Древневосточная литература - Тысяча и одна ночь. Том II
«Полови на мое имя», – сказал халиф. И рыбак подошел, обрадованный, и закинул сеть и подождал, пока она растянется до конца и установится на дне, а потом он потянул ее к себе и вытянул всевозможную рыбу.
И халиф обрадовался этому и сказал: «Карим, сними с себя одежду!» И тот скинул свое платье (а на нем был кафтан из грубой шерсти, с сотней заплаток, где было немало хвостатых вшей) и снял с головы тюрбан, который он вот уже три года не разматывал, но всякий раз, увидев тряпку, он нашивал ее на него.
И когда он скинул свой кафтан и тюрбан, халиф снял с себя две шелковые одежды – александрийскую и баальбекскую[30] – и плащ и фарджию и сказал рыбаку: «Возьми их и надень». А халиф надел кафтан рыбака и его тюрбан и прикрыл себе лицо платком и сказал рыбаку: «Уходи к своему делу», – и рыбак поцеловал ноги халифа, и поблагодарил его, и сказал:
«Ты был милостив, и не скрою я благодарности
И во всех делах целиком меня обеспечил ты.
Благодарен я на всю жизнь тебе, а когда умру,
За меня мой прах воззовет в гробу с благодарностью».
И рыбак еще не окончил своего стихотворения, как вши уже заползали по коже халифа, и тот стал хватать их с шеи правой и левой рукой и кидать, и сказал: «О рыбак, горе тебе, поистине много вшей в этом кафтане!» – «О господин, – отвечал рыбак, – сейчас тебе больно, а пройдет неделя, и ты не будешь чувствовать их и не станешь о них думать». И халиф засмеялся и воскликнул: «Горе тебе! Оставлю я этот кафтан на теле!» – «Я хочу сказать тебе слово, – сказал рыбак. «Говори, что у тебя есть», – отвечал халиф. «Мне пришло на ум, о повелитель правоверных, – сказал рыбак, – что раз ты захотел научиться ловить рыбу, чтобы у тебя было в руках полезное ремесло, этот кафтан тебе подойдет».
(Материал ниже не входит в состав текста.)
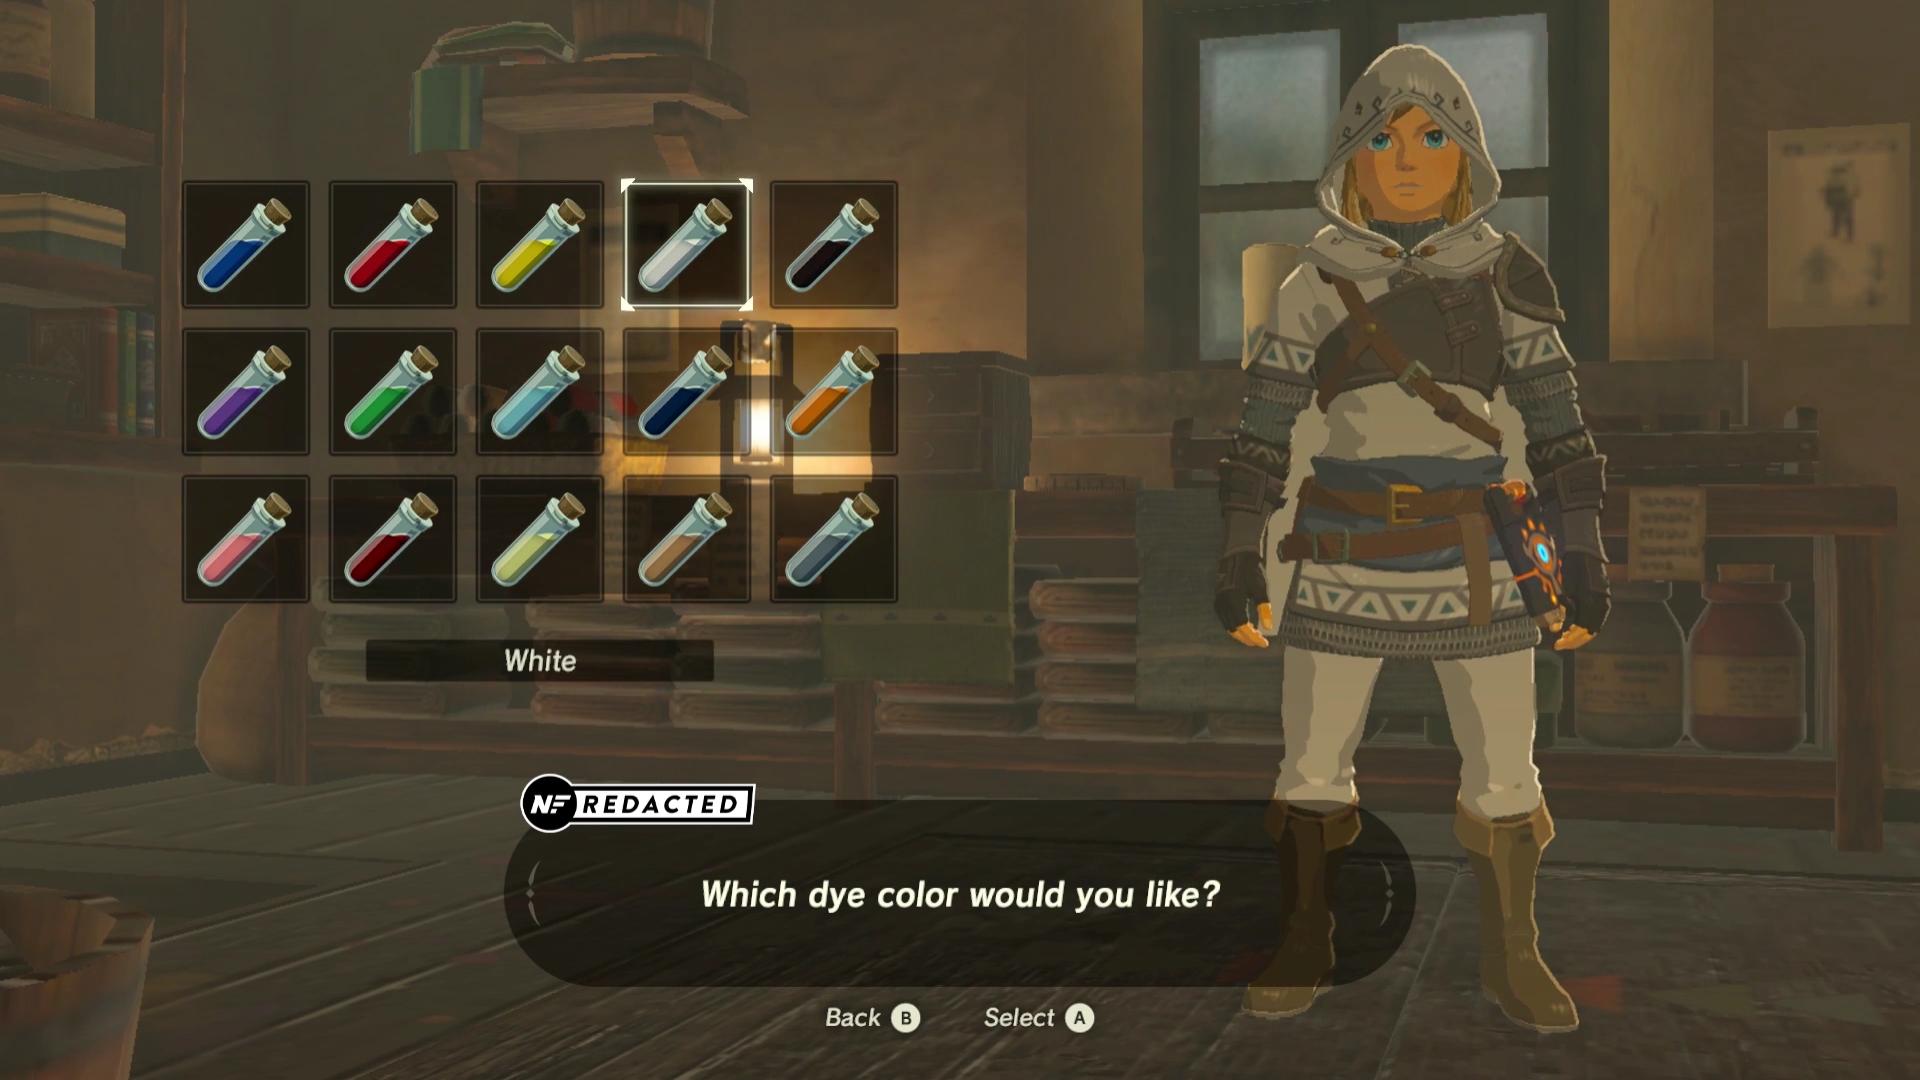 Legend Of Zelda Breath Of The Wild Gets Pirated Days

И халиф засмеялся словам рыбака, а затем рыбак повернул своей дорогой, а халиф взял корзину с рыбой, положил сверху немного зелени и пришел с нею к Джафару к остановился перед ним. И Джафар подумал, что это Карим, рыбак, и испугался за него и сказал: «Карим, что привело тебя сюда? Спасайся! Халиф сегодня в саду, и если он тебя увидит – пропала твоя шея». И, услышав слова Джафара, халиф рассмеялся, и когда он рассмеялся, Джафар узнал его и сказал: «Быть может, ты наш владыка султан?» – «Да, Джафар, – отвечал халиф, – ты мой везирь, и мы с тобой пришли сюда, а ты меня не узнал; как как же узнает меня шейх Ибрахим, да еще пьяный? Стой на месте, пока я не вернусь к тебе!» И Джафар отвечал: «Слушаю и повинуюсь!»
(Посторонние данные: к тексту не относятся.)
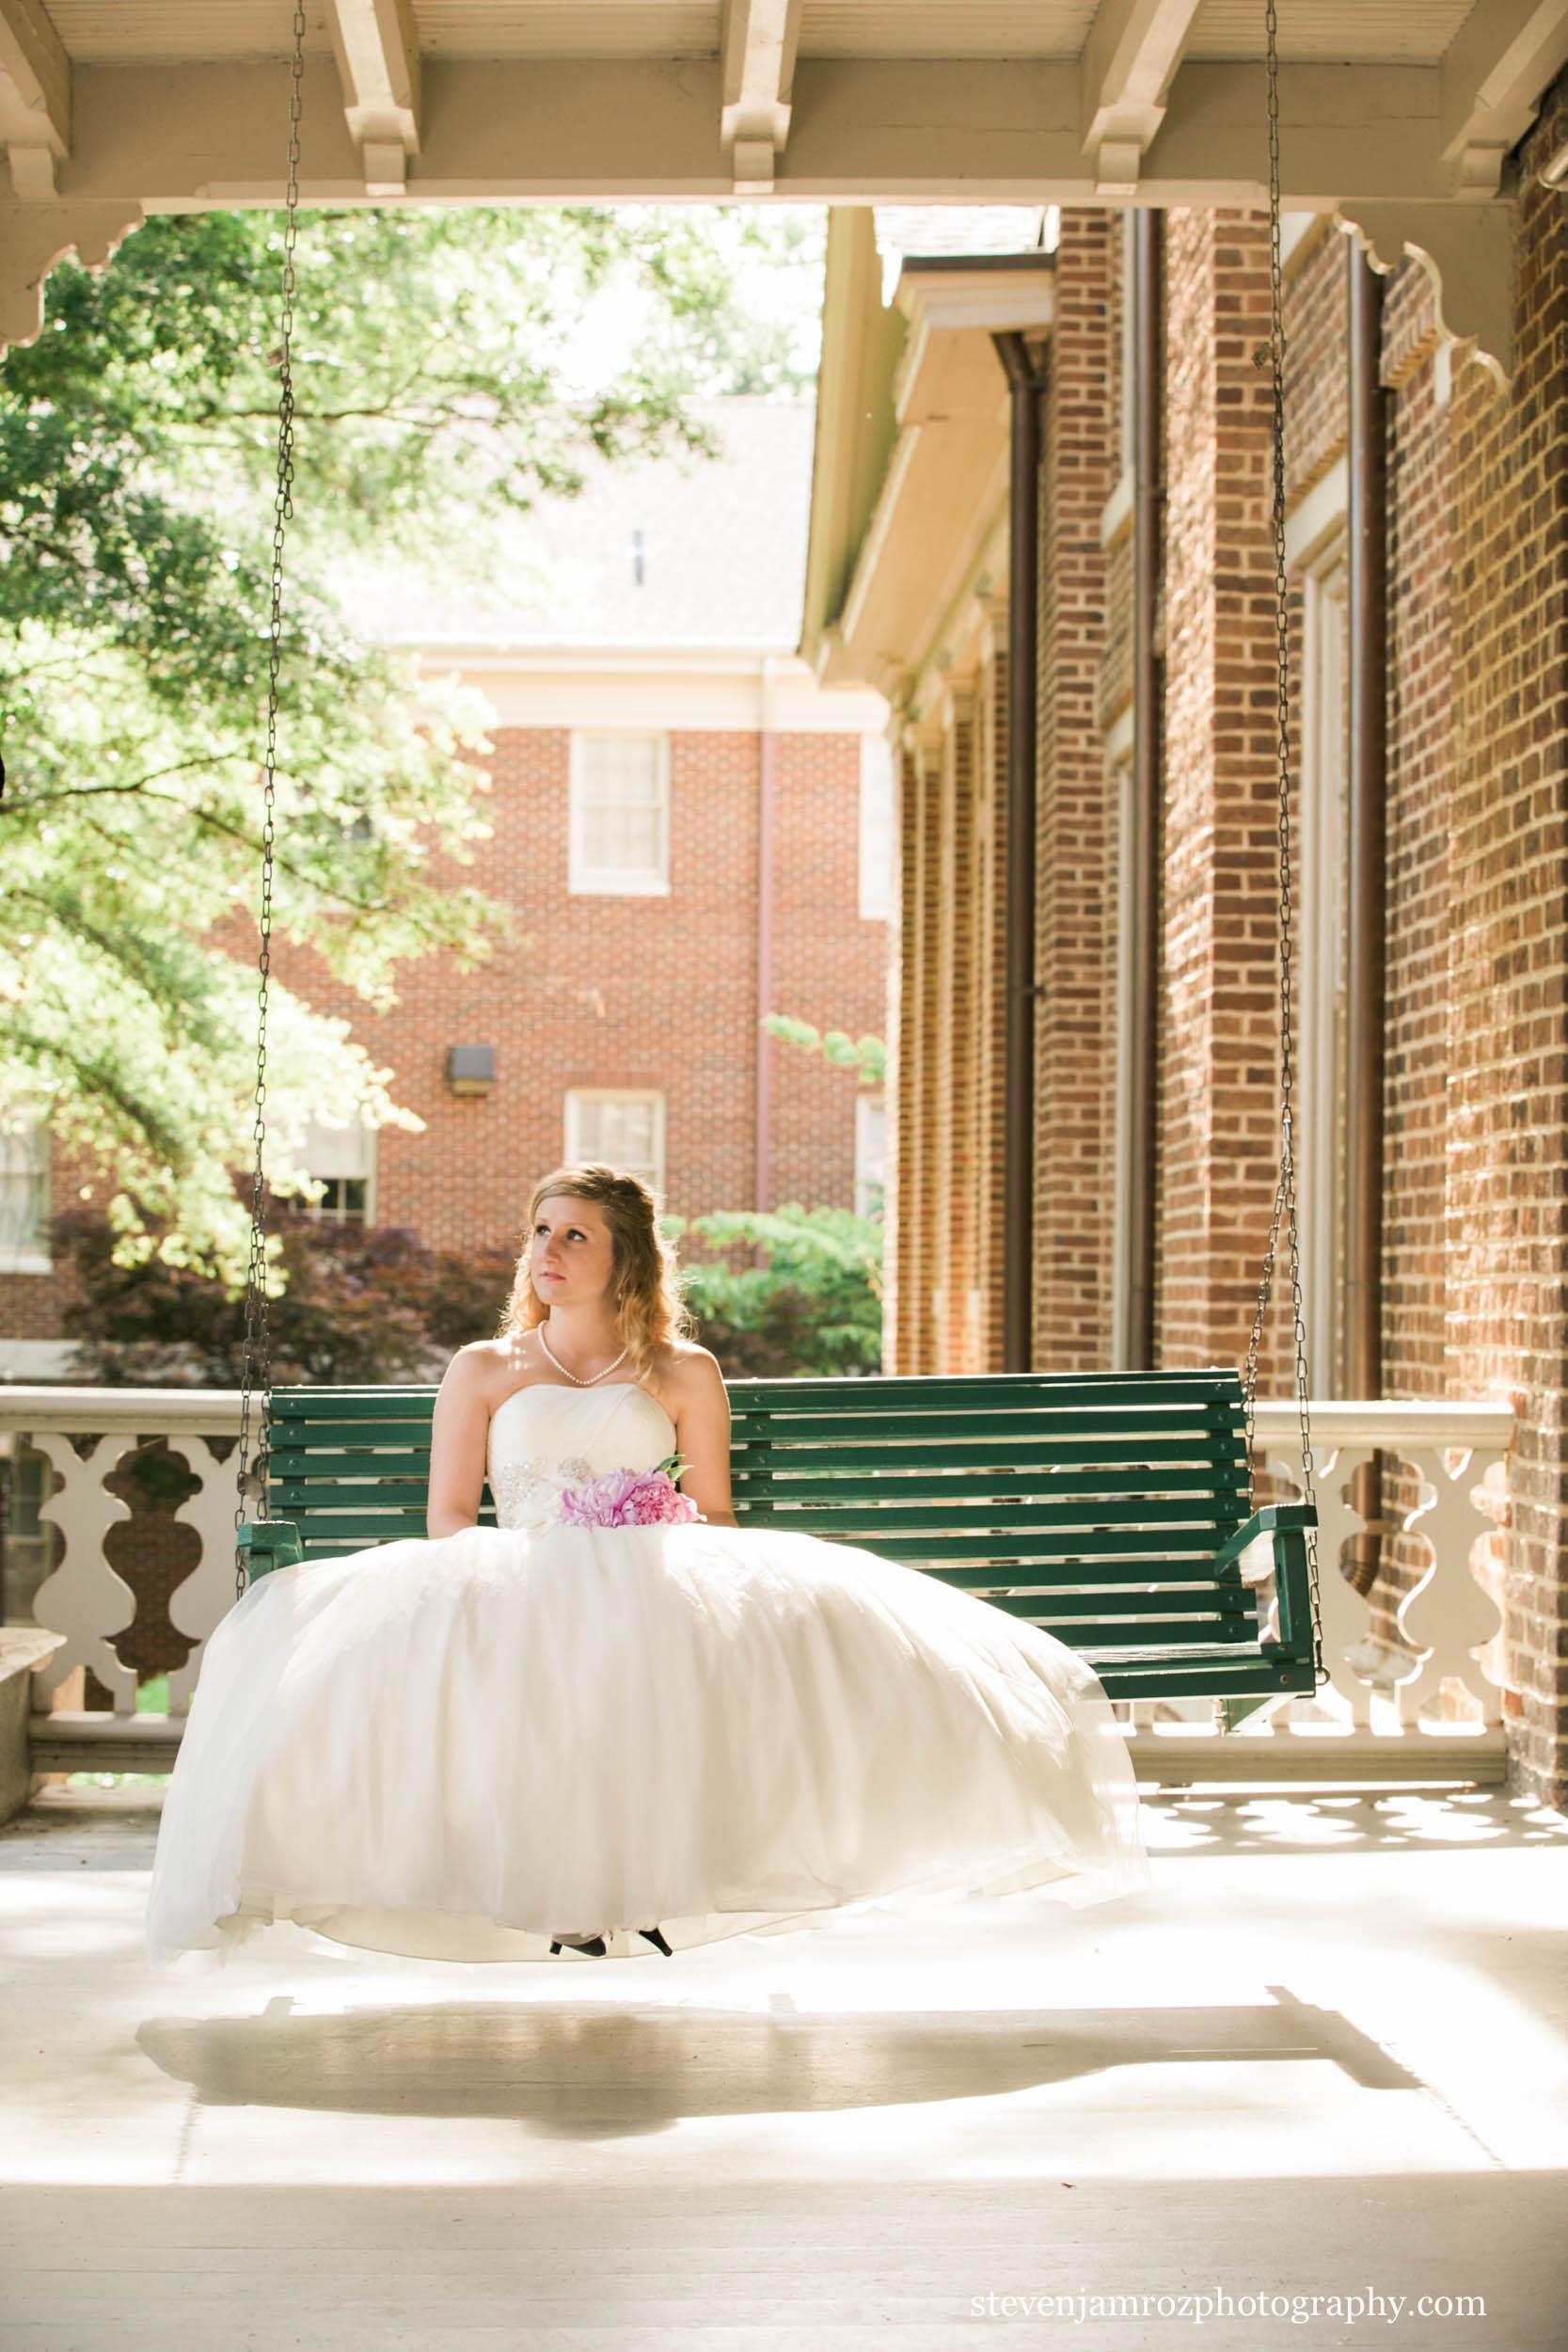 peace-college-front-swing-bride-steven-jamroz-photography-0501.jpg

И потом халиф подошел к дверям дворца и постучал легким стуком, и Нур-ад-дин сказал: «Шейх Ибрахим, в двери дворца стучат». – «Кто у дверей?» – спросил шейх Ибрахим. И халиф сказал: «Я, шейх Ибрахим», – и тот спросил: «Кто ты?» – и халиф ответил: «Я, Карим, рыбак. Я услышал, что у тебя гости, и принес тебе немного рыбы. Она хорошая».
И, услышав упоминание о рыбе, Нур-ад-дин и его невольница обрадовались и сказали: «О господин, открой ему, и пусть он принесет нам свою рыбу». И шейх Ибрахим открыл дверь, и халиф вошел, будучи в обличии рыбака, и поздоровался первым, и шейх Ибрахим сказал ему: «Привет вору, грабителю и игроку! Пойди покажи нам рыбу, которую ты принес!» И халиф показал им рыбу, и они посмотрели и видят – рыба живая, шевелится, и тогда невольница воскликнула: «Клянусь Аллахом, господин, эта рыба хороша! Если бы она была жареная!» «Клянусь Аллахом, госпожа моя, ты права! – ответил шейх Ибрахим и затем сказал халифу: – Почему ты не принес эту рыбу жареной? Встань теперь, изжарь ее и подай нам». – «Сейчас я вам ее изжарю и принесу», – отвечал халиф, и они сказали: «Живо!»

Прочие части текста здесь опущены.